**Assignment:**
Using the entries below, write out the line with "Video: The Sagehens Lens: A Day at Pitzer", the line with "An ubitricity-operated Shell", and every line in between, exactly as each is written.

───── Data to use

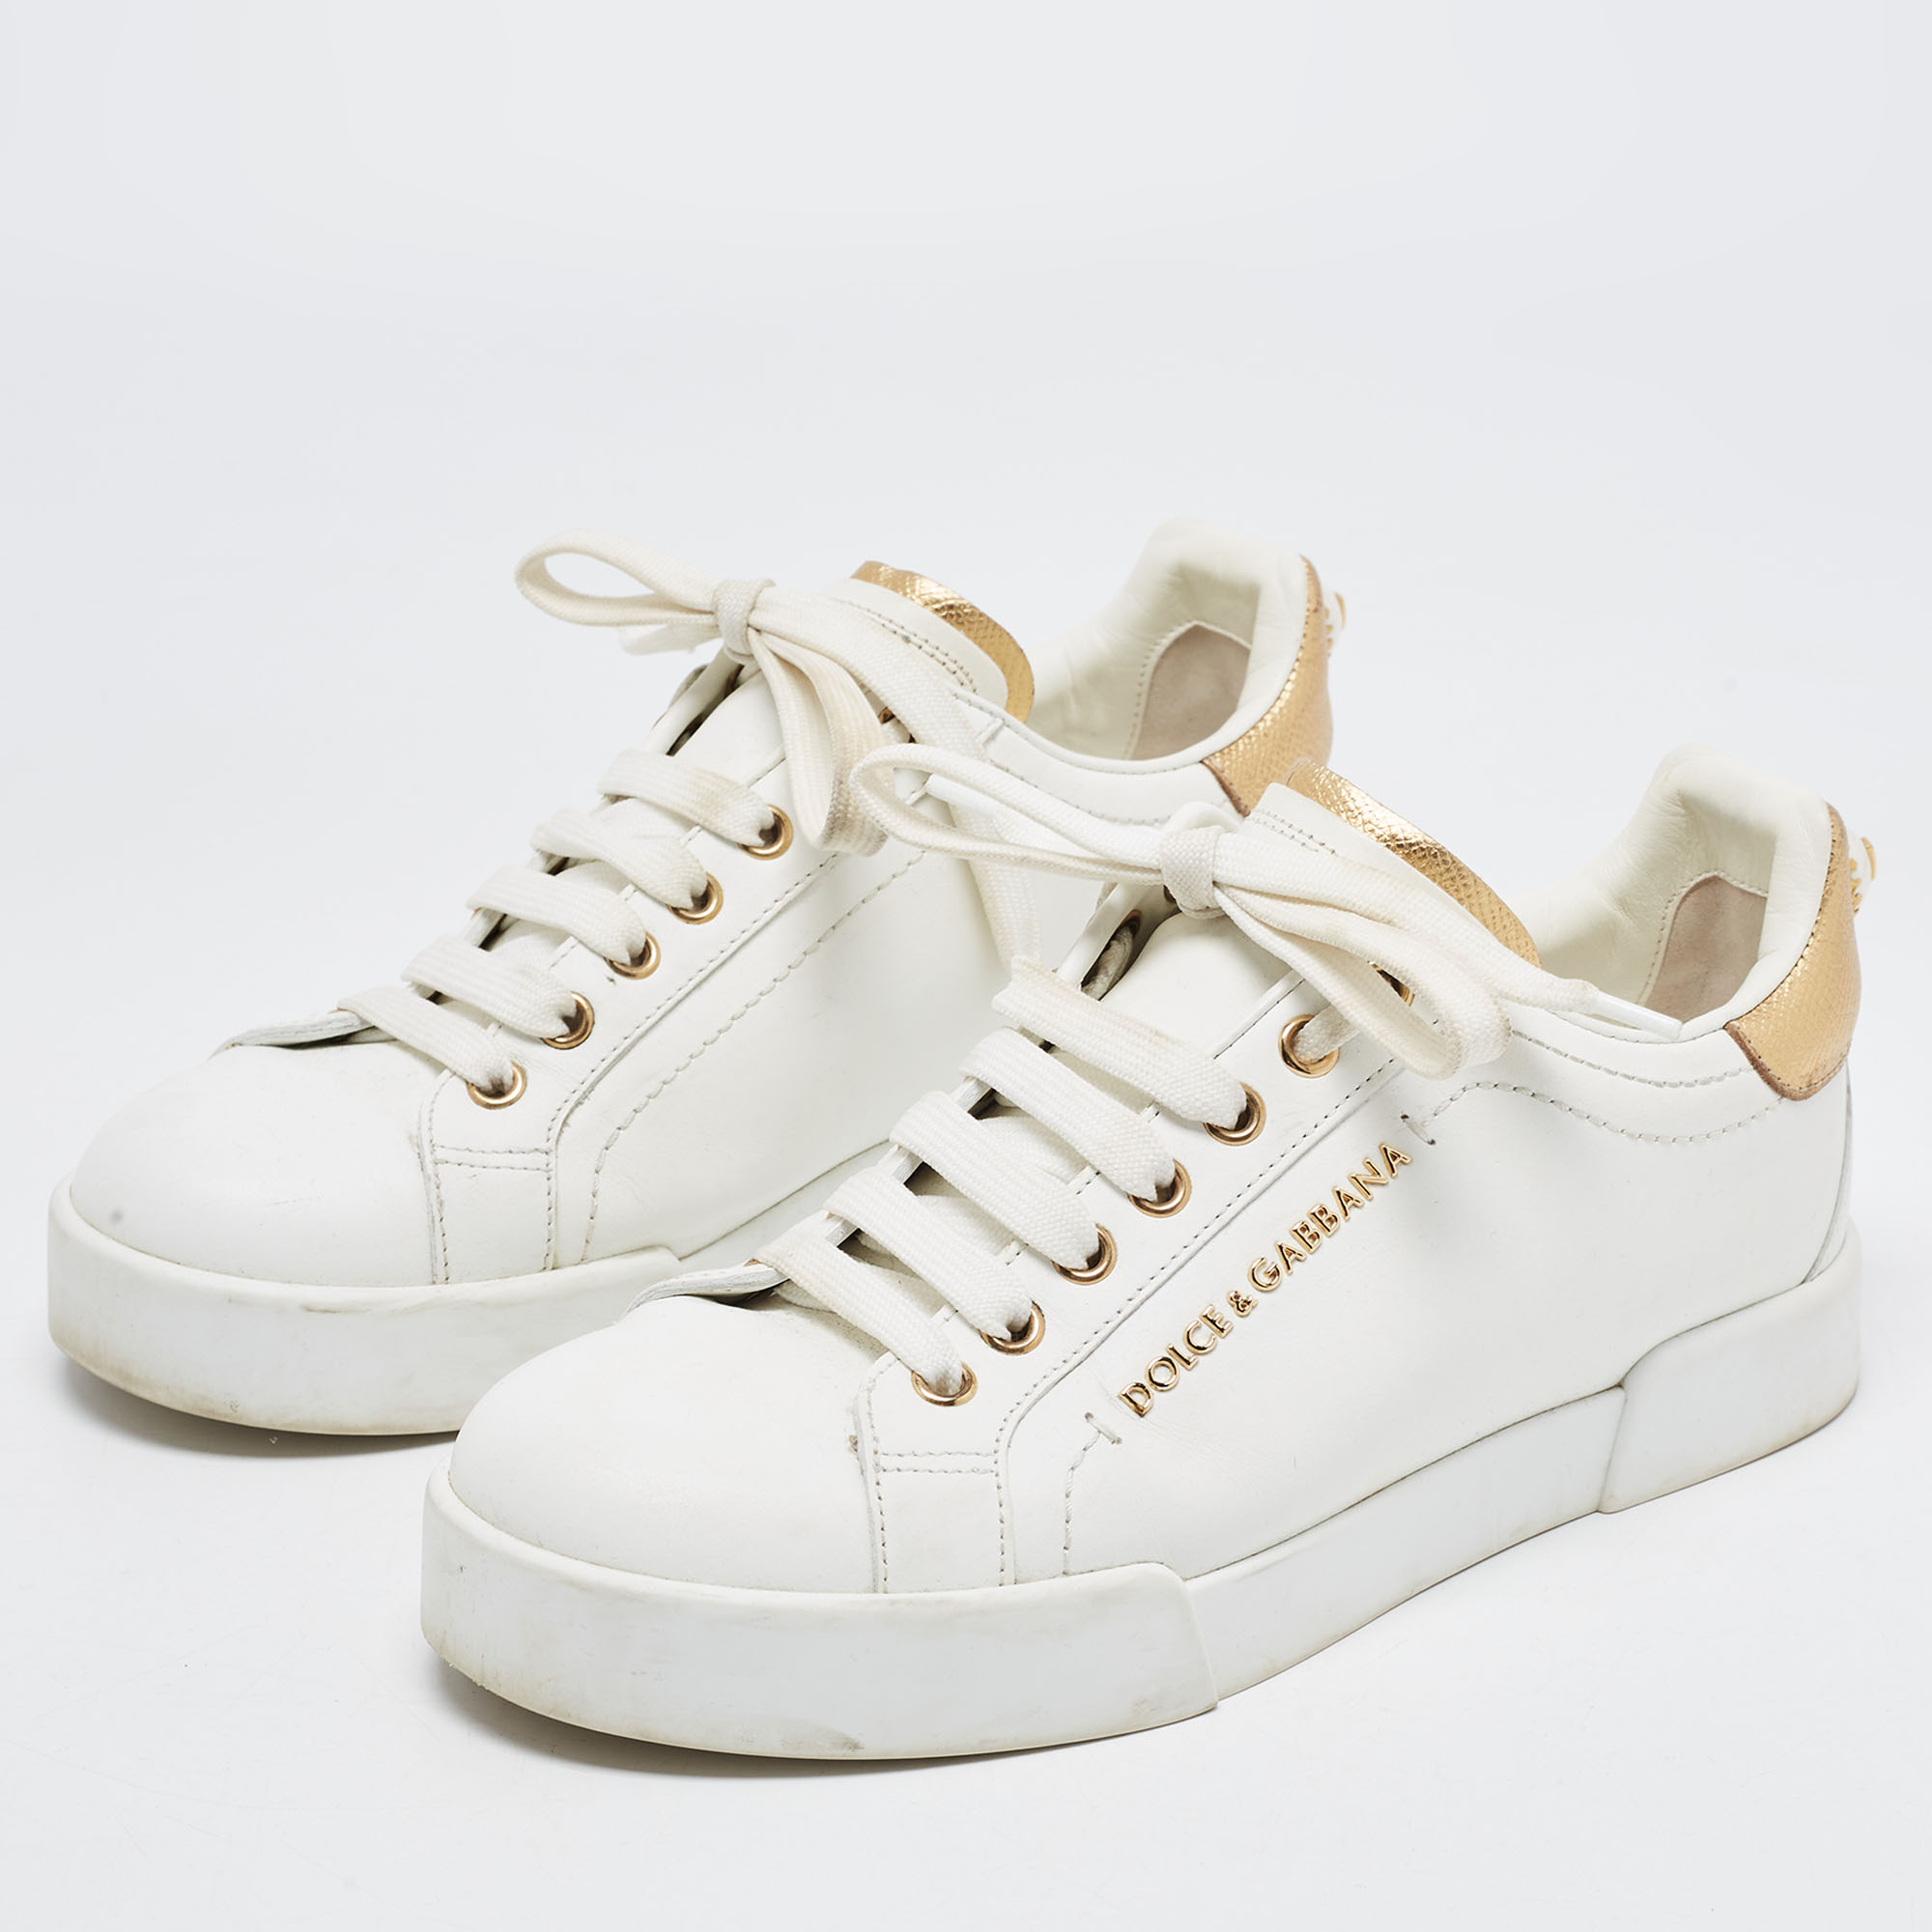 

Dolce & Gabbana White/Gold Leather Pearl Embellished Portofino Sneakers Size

──────────
───── Data to use

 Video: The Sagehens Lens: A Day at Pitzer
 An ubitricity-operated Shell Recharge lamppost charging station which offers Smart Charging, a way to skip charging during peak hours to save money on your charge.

──────────

**Written solution:**
 Video: The Sagehens Lens: A Day at Pitzer
 An ubitricity-operated Shell Recharge lamppost charging station which offers Smart Charging, a way to skip charging during peak hours to save money on your charge.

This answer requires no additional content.